И ощущение счастья опять нахлынуло на меня.
Так я и уснул в твердой уверенности, что весь мир удивительно прекрасен…
20
ИППОДРОМ. Ленинградское шоссе, 25. 24 октября. РЫСИСТЫЕ ИСПЫТАНИЯ. Начало в 3 ч. дня. Буфет. Оркестр.
Объявление
Проснулся я от ужасного истошного крика, словно прорезавшего дверь дисковой пилой. Очумелый со сна, пытался я сообразить, что там могло случиться, и подумал, что в квартире у нас кто‑то помер. И пока я старался нашарить ногой сапоги, Жеглов уже слетел с дивана и, натягивая на бегу галифе, босиком выскочил в коридор. В коридоре, заходясь острым пронзительным криком, каталась по полу Шурка Баранова. На ее тощей сморщенной шее надувались синие веревки жил, красные пятна рубцами пали на изможденное лицо, и такое нечеловеческое страдание, такие ужас и отчаяние были на нем, что я понял – случилось ужасное.
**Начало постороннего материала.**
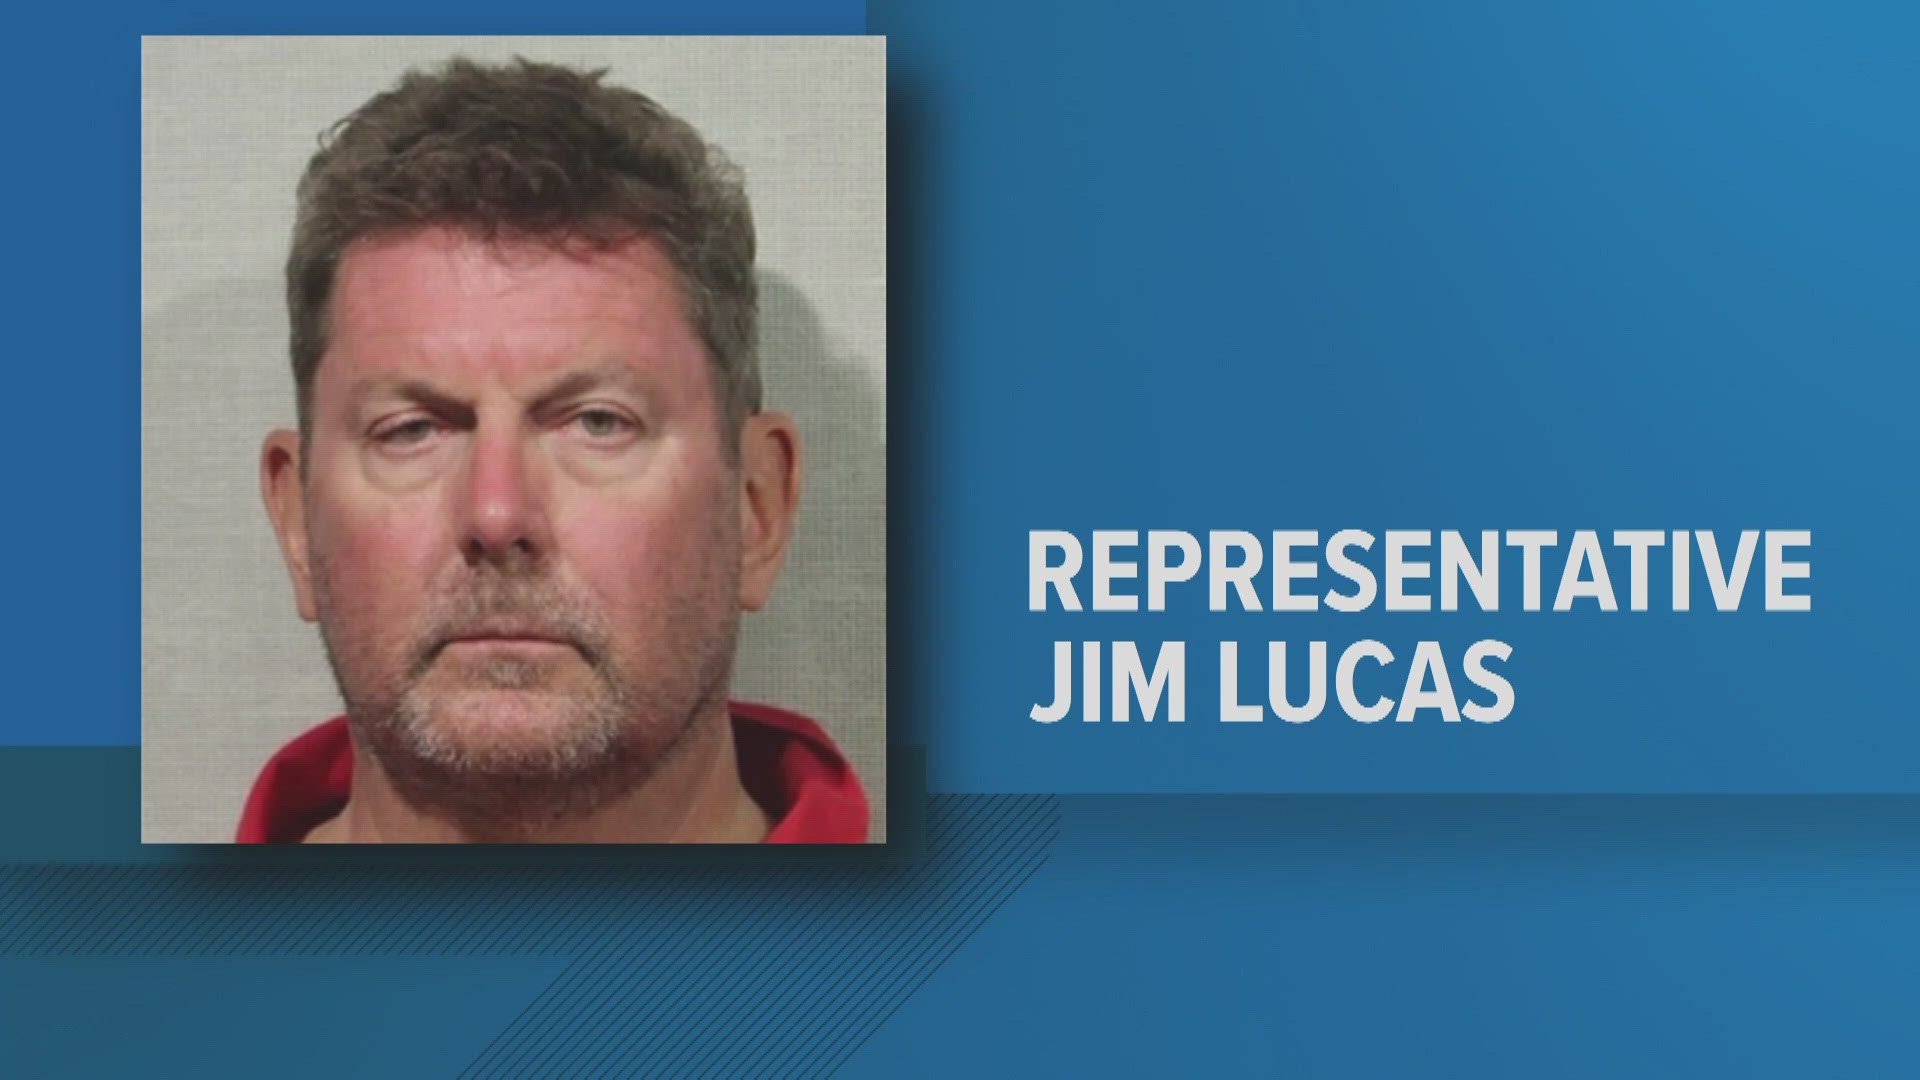 Police took Rep. Jim Lucas into custody around midnight last Wednesday, accused of driving under the influence.

Жеглов, стоя перед Шуркой на коленях, держал ее за костистые плечи.
– Дай воды! – крикнул мне Глеб.
Я так ошалел от ее крика, так испугался, что побежал почему‑то не на кухню, а в комнату, и никак не мог найти кружку, потом схватил кувшин, и Жеглов, набирая воду в рот, брызгал ей в лицо. Жались по углам перепуганные соседи, тоненько скулил старший Шуркин сын Генка, и замер с нелепой бессмысленной улыбкой ее муж инвалид Семен.
– Карточки! Кар‑то‑чки! – кричала Шурка страшным нутряным воплем, и в крике ее был покойницкий ужас и звериная тоска. – Все! Все! Продуктовые кар‑то‑чки! Укра‑ли‑и‑и‑и!.. Пятеро малых… с… голоду… помрут!.. А‑а‑а! Месяц… только… начался… За весь… месяц… карточки!.. Чем… кормить… я… их… буду! А‑а‑а!..
Четвертое ноября сегодня, двадцать шесть дней ждать до новых карточек, а буханка хлеба на рынке – пятьдесят рублей.
Жеглов, морщась от крика, словно ему сверлили зуб, сильно тряхнул ее и закричал:
– Перестань орать! Пожалеет тебя вор за крик, что ли? Детей, смотри, насмерть перепугала! Замолчи! Найду я тебе вора и твои карточки найду…
Шурка и впрямь смолкла, она смотрела на Жеглова с испугом и надеждой, и весь он – молодой, сильный и властный, такой бесконечно уверенный в себе – в этот миг беспросветного отчаяния казался ей единственным островком жизни.
– Глебушка, Глебушка, родненький, – зарыдала она снова. – Где же ты сыщешь эту бандитскую рожу, гада этого проклятого, душегуба моих деточек? Чем же мне кормить их месяц цельный? И так они у меня прозрачные, на картофельных очистках сидят, а как же месяц‑то проголодуем?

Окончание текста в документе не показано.